[Records contained in a dataset]
┏━━
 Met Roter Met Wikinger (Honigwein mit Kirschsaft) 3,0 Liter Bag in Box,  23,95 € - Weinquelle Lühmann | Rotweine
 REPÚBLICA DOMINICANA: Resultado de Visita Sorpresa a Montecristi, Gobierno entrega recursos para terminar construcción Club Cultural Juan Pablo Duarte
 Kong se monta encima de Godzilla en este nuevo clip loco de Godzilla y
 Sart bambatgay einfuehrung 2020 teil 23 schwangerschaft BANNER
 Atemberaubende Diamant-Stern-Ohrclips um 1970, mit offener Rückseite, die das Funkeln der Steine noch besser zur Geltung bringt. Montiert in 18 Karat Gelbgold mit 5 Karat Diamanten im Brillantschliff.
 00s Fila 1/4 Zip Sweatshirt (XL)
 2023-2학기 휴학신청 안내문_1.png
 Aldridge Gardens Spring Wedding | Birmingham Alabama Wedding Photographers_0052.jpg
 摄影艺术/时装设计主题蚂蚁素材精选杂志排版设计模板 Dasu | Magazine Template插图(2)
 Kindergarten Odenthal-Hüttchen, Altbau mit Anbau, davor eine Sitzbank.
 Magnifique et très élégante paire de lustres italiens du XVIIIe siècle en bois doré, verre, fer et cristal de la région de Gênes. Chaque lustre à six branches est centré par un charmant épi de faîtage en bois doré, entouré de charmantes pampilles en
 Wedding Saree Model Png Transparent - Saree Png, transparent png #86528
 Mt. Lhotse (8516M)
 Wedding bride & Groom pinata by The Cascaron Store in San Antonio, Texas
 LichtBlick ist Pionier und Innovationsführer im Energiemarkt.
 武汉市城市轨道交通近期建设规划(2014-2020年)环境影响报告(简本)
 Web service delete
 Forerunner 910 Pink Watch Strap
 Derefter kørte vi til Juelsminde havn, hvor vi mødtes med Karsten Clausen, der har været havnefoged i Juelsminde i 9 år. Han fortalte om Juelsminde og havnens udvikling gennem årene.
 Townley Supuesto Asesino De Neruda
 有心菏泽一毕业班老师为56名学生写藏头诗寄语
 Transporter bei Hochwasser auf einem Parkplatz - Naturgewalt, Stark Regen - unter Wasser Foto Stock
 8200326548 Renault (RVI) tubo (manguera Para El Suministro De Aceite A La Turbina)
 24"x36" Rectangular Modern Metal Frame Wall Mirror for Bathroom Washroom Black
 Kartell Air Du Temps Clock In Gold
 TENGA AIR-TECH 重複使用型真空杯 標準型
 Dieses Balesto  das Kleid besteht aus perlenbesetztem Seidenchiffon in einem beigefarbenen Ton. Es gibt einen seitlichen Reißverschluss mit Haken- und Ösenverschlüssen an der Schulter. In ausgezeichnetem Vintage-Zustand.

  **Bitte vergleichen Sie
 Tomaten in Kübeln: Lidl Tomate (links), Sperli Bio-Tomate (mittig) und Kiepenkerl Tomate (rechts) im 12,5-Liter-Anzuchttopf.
┗━━
* [Exercise directions]: Using the entries above, state how many lines contain the string "Wedding"; the number is all that is needed.

* [Response area]: 3